Separating Retweets from Mentions

Another interesting data visualization separating retweets of @GodFather’s messages (in blue) from mentions of her name (in red). While in the first half of the graph her tweets (in green) seem to be echoed by the community, in the second half things change. At that time people are mainly talking about her, not echoing what she tweets.


Using a Berkman talk to make the connection

Though we wanted to find out more, our big data analysis was not helping much. We needed verification on the ground. But we could not contact @GodFather directly (we figured that, “Hi, I am a researcher from the US and would like to verify your identity…” would not take us far). We knew that her account had been compromised in the past, so she had every reason to hide her identity. Moreover, there existed several accounts with similar-sounding names, some of them clearly belonging to trolls attacking her, and we did not want to end up talking to them by accident!

How could we uncover the truth? The Berkman Center and a measure of good luck helped us make a breakthrough. In July, 2012, the Berkman Center asked my co-author Andrés Monroy-Hernández and me to give a talk (“Narcotweets: Reporting on the Mexican Drug War using Social Media”) on our earlier work. I knew that Berkman talks are advertised, attended and tweeted widely online. Though not very likely, it was possible that some “tuiteros” from Mexico would follow our talk live. If I told them what we had discovered, even using pseudonyms, members of the citizen reporter community would certainly recognize the real identities to which the pseudonyms referred, and perhaps they would be willing to talk to us.

Indeed, by the end of the talk (available for viewing), Mariel Garcia, a Berkman intern from Mexico who was tweeting about the talk, showed me a couple of tuiteros accounts that had shown active interest in the talk. They were offering to answer any questions I might have. Of course I jumped on the opportunity; a few hours and many direct messages later I had established connection with one of the prominent citizen reporters of the community.

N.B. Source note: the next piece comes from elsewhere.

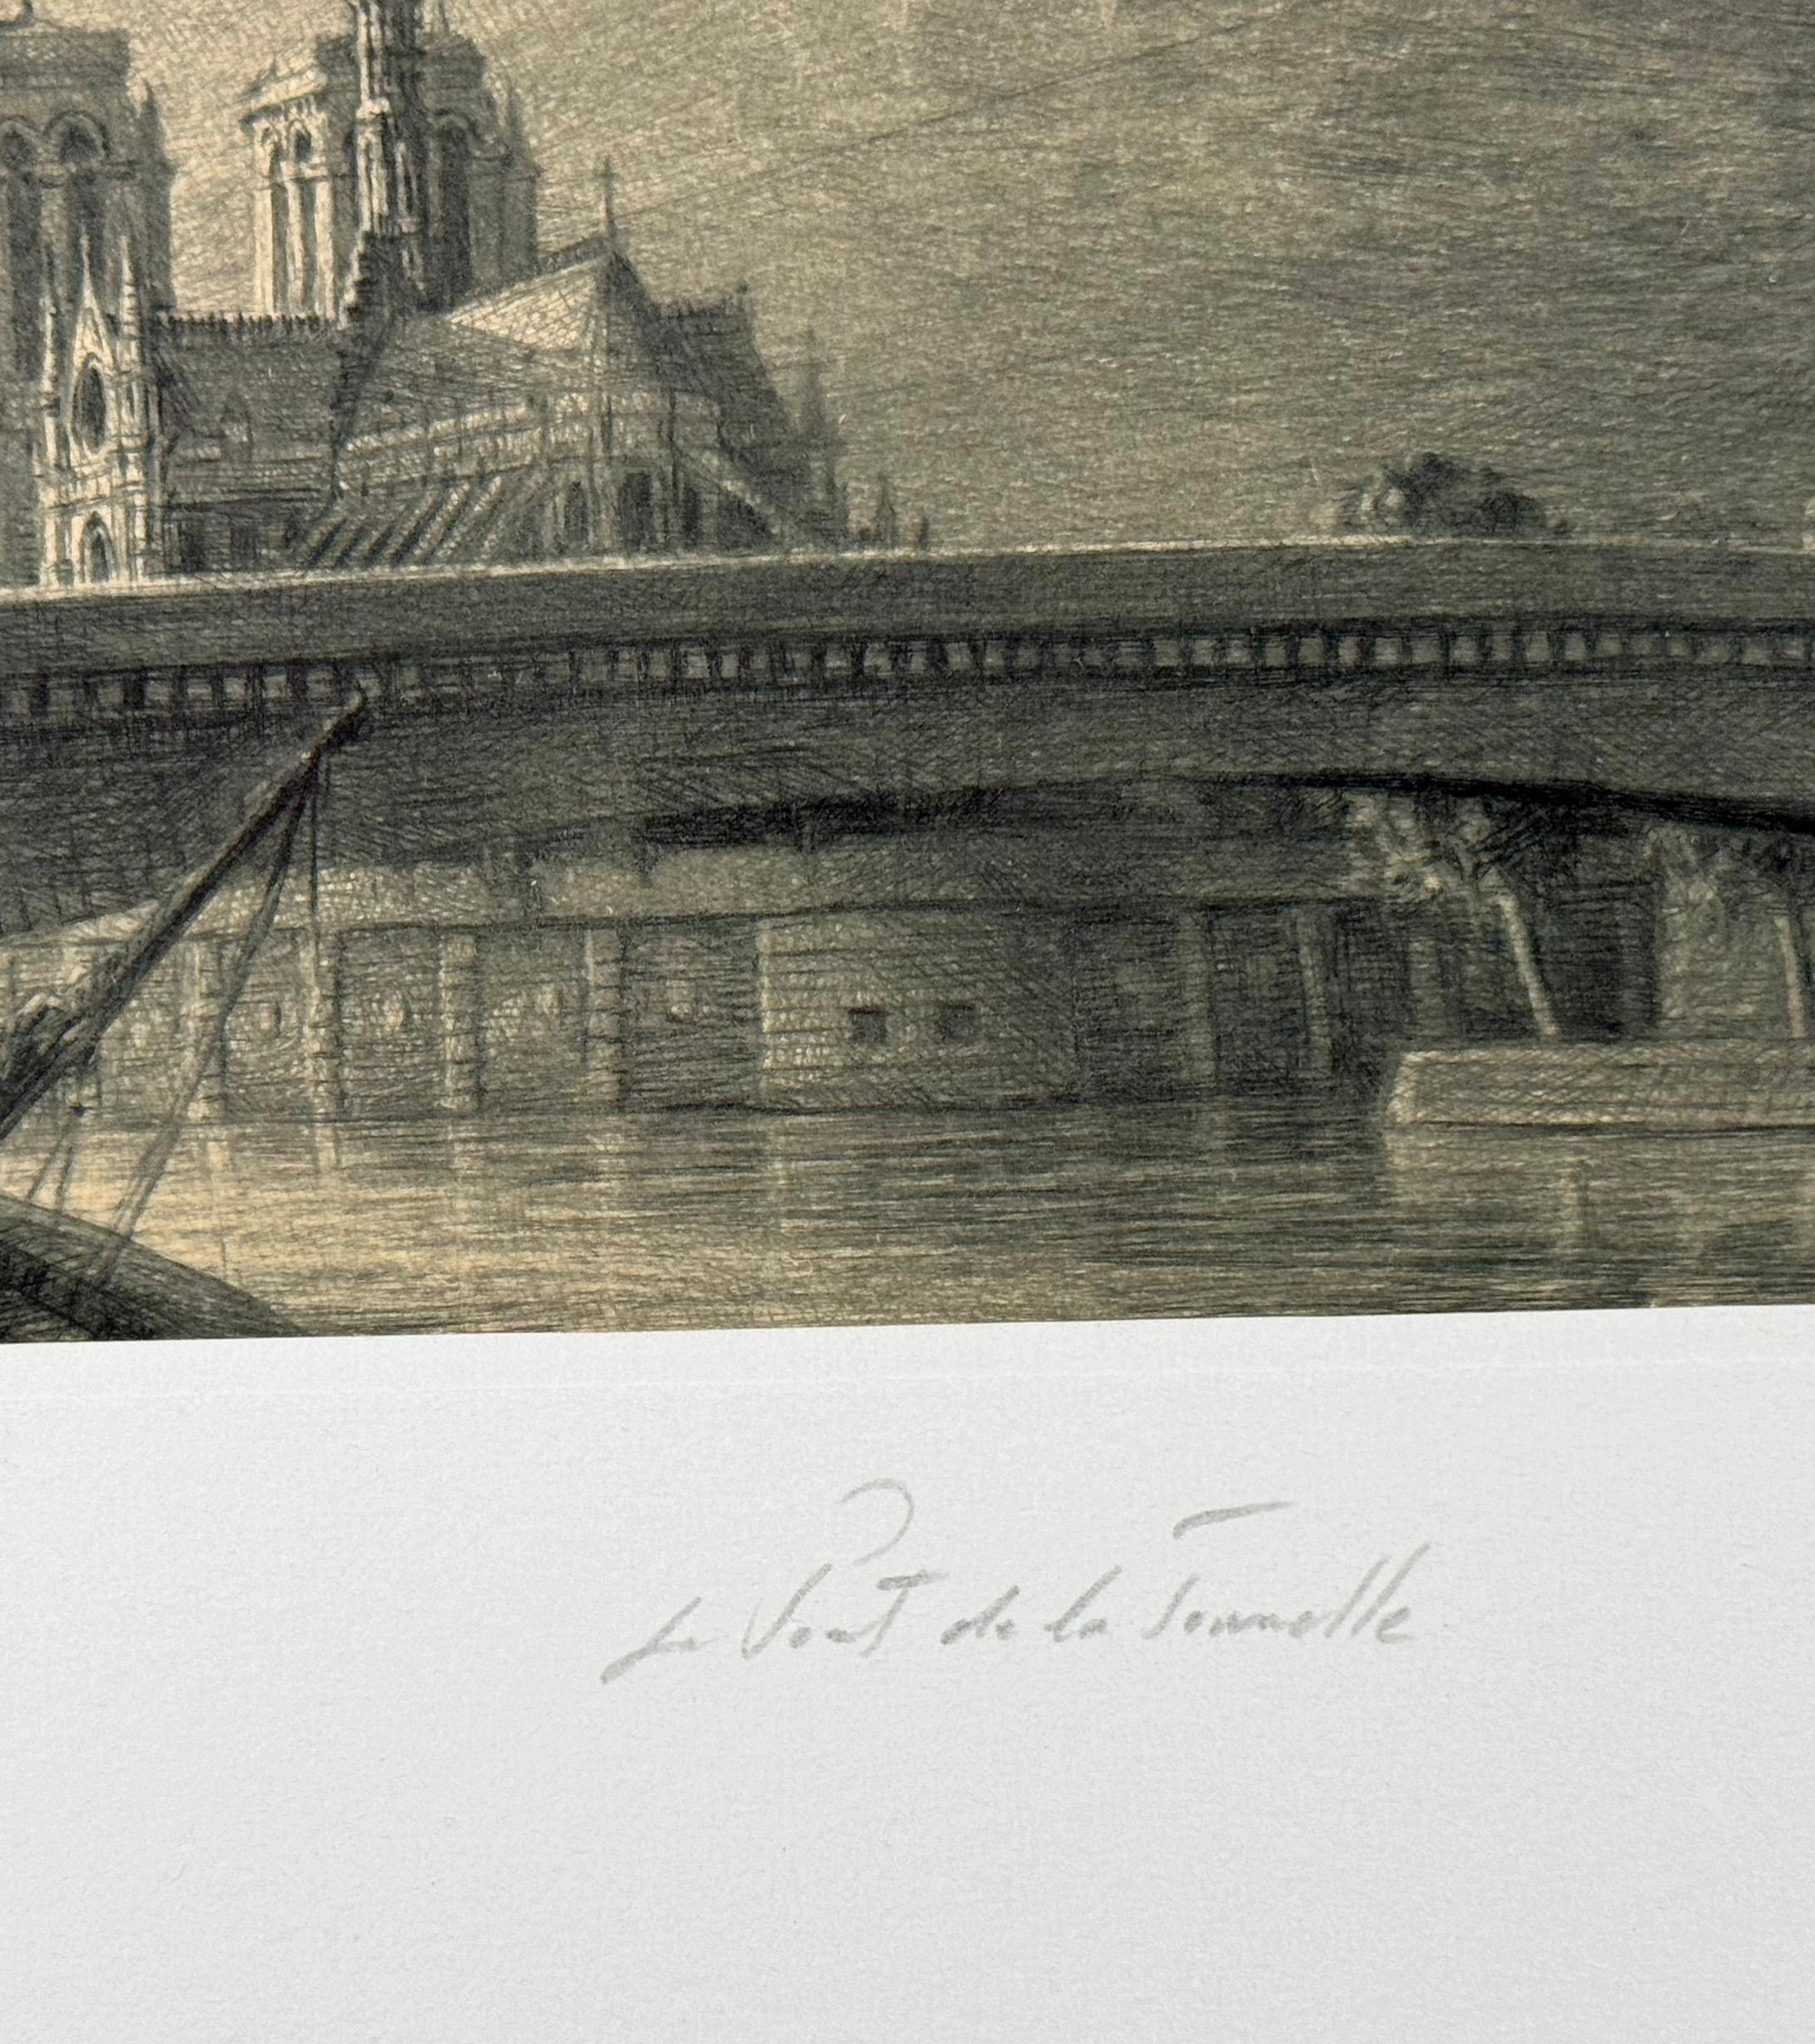 Medium: drypoint on chine collé
Edition of 180
Image Size: 4.5 X 9 inches

The Pont de la Tournelle links the Ile St-Louis to the Left Bank and is adorned with a giant statue of Sainte-Genevieve, one of the patron saints of Paris.

Mathieux-Marie

From that citizen reporter Eni and I learned that we had missed an important point in the data analysis. One of the reasons that @GodFather had stopped tweeting was that her anonymity had been compromised in late July, 2011. One of the trolls that had been attacking her throughout the year revealed her real name, her street address, and her picture. Now that we knew where to look, we went back to the data and found the relevant tweets. Her pictures had been deleted on the Web but we were able to look through archives and locate several of them. Now that we knew a lot about Melissa Lotzer, the pseudonym used the by the owner of the @GodFather account, all we needed was a way to contact her. We wanted to interview her about her motives and threats she had received.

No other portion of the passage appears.